13.A gun of mass 1000 kg fires a projectile of mass 1 kg with a horizontal velocity of
100 m/s. The velocity of recoil of the gun in the horizontal direction is
(a) 5 m/s
(b) 0.1 m/s (e) 15 m/s (d) 20 m/s​

Answer 1

Answer:

0.1 m/s

Explanation:

hope it'll help you

Answer 2

Answer:

Recoil velocity of the gun is 0.1 m/s in the horizontal direction.

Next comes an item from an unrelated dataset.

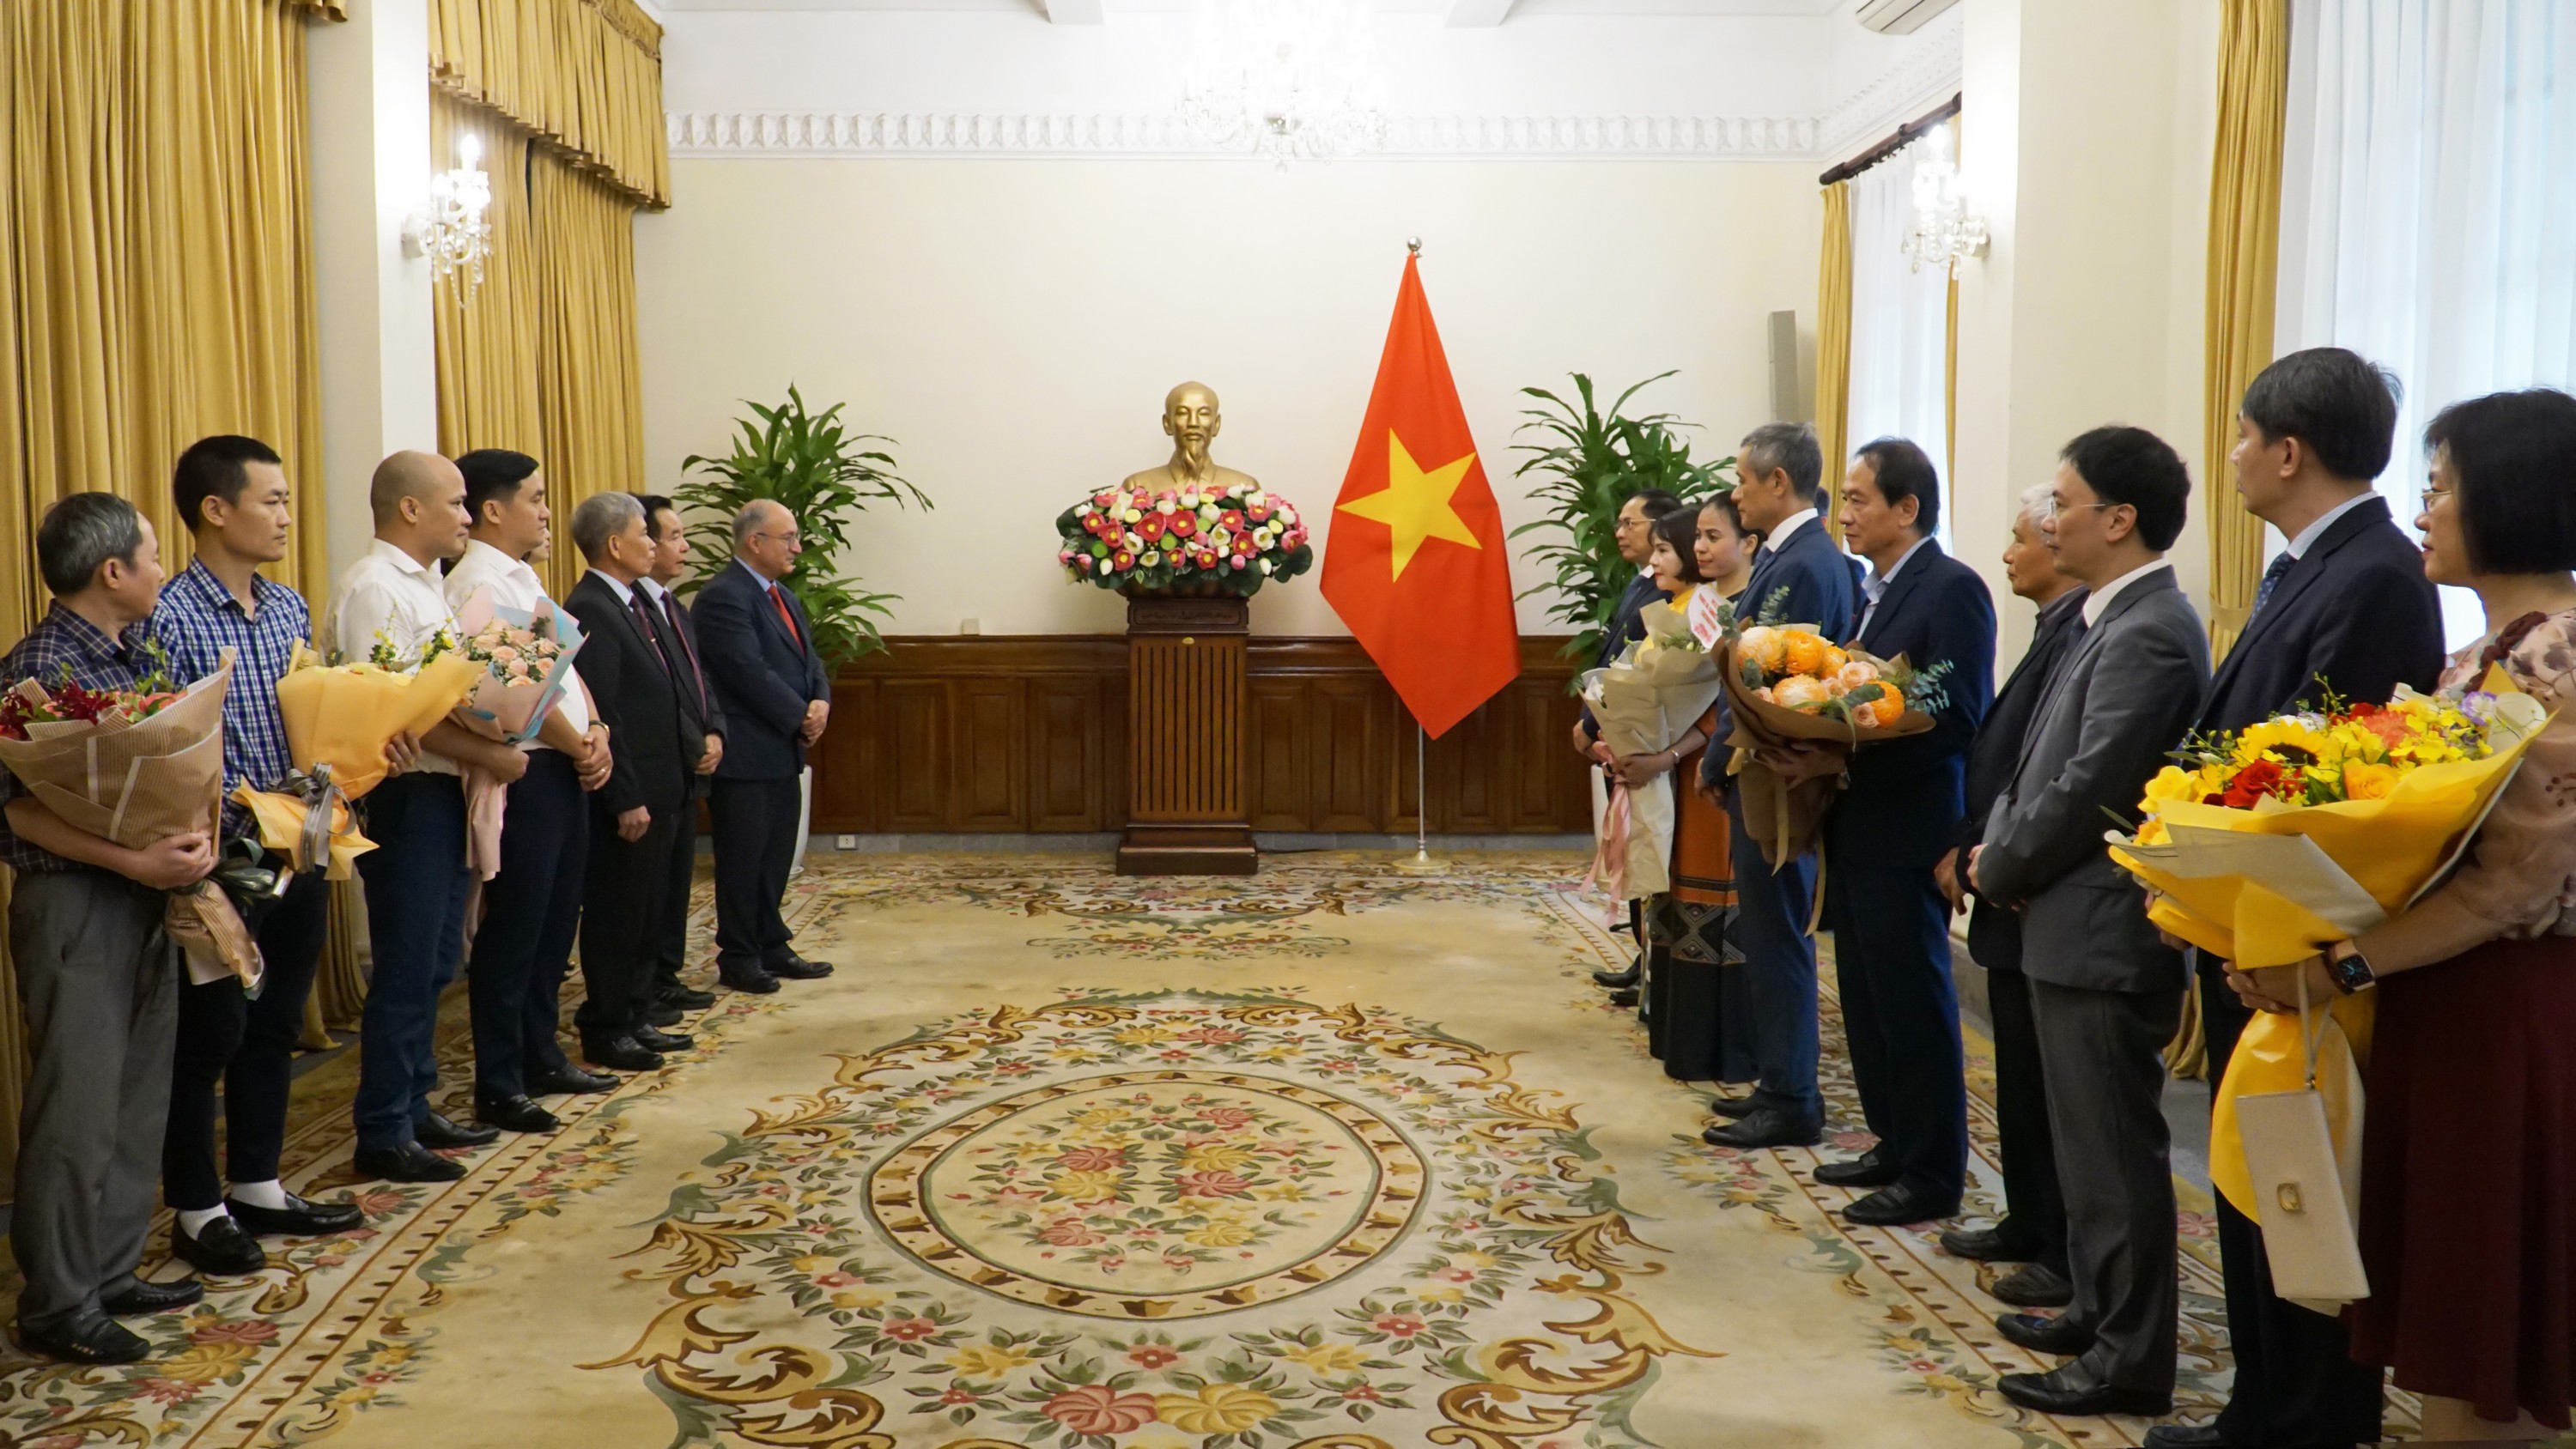 Tiến sỹ Kambiz Ghawami đón nhận Huân chương Hữu nghị của Chủ tịch nước CHXHVN Việt Nam

Option b is the correct answer.

Explanation:

The recoil velocity of the gun is solved by using the law of conservation of momentum which states that the total momentum before explosion is equal to the total momentum after explosion. In symbols it is written as $p_1 + p_2 = p_1′ + p_2′.$

Solving for the recoil velocity of the gun $v_1$

$p_1 + p_2 = p_1′ + p_2′$

$m_1v_1 + m_2v_2 = m_1v_1′ + m_2v_2′$

$1000 \: kg \times 0 \: m/s + 1 \:kg \times 0 \:m/s = 1000\: kg \times v_1′ + 1 \: kg \times 100 \:m/s$

$0 + 0 = 1000 \: kg \times v_1′ + 100 \: kg \times \: m/s$

$1000 \: kg \times ( -v_1′ )= 100 \: kg \times m/s$

$-v_1′ = \frac{100 \: kg \times m/s}{1000 \: kg}$

$-v_1′ = 0.1 \:m/s$

$v_1′ = -0.1 \:m/s$…….. the negative sign means that the recoil velocity is opposite in direction to that of the bullet.

The recoil velocity of the gun is -0.1 m/s